> [WHAT YOU NEED TO DO]
Reproduce the opening lines of the records exactly, up to and including the line in which "32,5 h x 15,75 diamètre" occurs.
★ ★ ★ ★ ★ ★ ★
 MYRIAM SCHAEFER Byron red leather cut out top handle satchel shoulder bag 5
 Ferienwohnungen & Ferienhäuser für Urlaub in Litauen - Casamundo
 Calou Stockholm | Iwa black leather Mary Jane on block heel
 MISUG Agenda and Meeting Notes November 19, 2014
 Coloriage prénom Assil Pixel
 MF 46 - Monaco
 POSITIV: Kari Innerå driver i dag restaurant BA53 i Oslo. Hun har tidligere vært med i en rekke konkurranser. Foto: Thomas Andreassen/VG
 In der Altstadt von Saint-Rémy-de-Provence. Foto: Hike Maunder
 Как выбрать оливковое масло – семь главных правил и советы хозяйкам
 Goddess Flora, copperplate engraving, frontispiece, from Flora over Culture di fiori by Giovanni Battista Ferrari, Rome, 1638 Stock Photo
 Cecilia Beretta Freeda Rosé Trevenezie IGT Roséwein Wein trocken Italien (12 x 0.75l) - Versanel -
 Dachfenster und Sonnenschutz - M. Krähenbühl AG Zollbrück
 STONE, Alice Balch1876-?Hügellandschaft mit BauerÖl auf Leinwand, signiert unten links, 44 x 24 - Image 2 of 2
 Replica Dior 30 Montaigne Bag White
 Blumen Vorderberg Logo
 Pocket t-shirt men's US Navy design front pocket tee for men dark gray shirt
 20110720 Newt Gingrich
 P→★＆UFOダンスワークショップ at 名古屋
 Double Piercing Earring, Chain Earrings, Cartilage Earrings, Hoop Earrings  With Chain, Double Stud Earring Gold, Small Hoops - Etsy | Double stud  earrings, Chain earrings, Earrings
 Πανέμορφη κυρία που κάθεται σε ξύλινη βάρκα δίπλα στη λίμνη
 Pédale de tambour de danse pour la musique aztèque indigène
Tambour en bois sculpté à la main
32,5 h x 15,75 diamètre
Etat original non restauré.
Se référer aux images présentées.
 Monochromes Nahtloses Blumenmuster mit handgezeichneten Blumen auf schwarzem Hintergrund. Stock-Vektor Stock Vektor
★ ★ ★ ★ ★ ★ ★
> [ANSWER FOR THE TASK]
 MYRIAM SCHAEFER Byron red leather cut out top handle satchel shoulder bag 5
 Ferienwohnungen & Ferienhäuser für Urlaub in Litauen - Casamundo
 Calou Stockholm | Iwa black leather Mary Jane on block heel
 MISUG Agenda and Meeting Notes November 19, 2014
 Coloriage prénom Assil Pixel
 MF 46 - Monaco
 POSITIV: Kari Innerå driver i dag restaurant BA53 i Oslo. Hun har tidligere vært med i en rekke konkurranser. Foto: Thomas Andreassen/VG
 In der Altstadt von Saint-Rémy-de-Provence. Foto: Hike Maunder
 Как выбрать оливковое масло – семь главных правил и советы хозяйкам
 Goddess Flora, copperplate engraving, frontispiece, from Flora over Culture di fiori by Giovanni Battista Ferrari, Rome, 1638 Stock Photo
 Cecilia Beretta Freeda Rosé Trevenezie IGT Roséwein Wein trocken Italien (12 x 0.75l) - Versanel -
 Dachfenster und Sonnenschutz - M. Krähenbühl AG Zollbrück
 STONE, Alice Balch1876-?Hügellandschaft mit BauerÖl auf Leinwand, signiert unten links, 44 x 24 - Image 2 of 2
 Replica Dior 30 Montaigne Bag White
 Blumen Vorderberg Logo
 Pocket t-shirt men's US Navy design front pocket tee for men dark gray shirt
 20110720 Newt Gingrich
 P→★＆UFOダンスワークショップ at 名古屋
 Double Piercing Earring, Chain Earrings, Cartilage Earrings, Hoop Earrings  With Chain, Double Stud Earring Gold, Small Hoops - Etsy | Double stud  earrings, Chain earrings, Earrings
 Πανέμορφη κυρία που κάθεται σε ξύλινη βάρκα δίπλα στη λίμνη
 Pédale de tambour de danse pour la musique aztèque indigène
Tambour en bois sculpté à la main
32,5 h x 15,75 diamètre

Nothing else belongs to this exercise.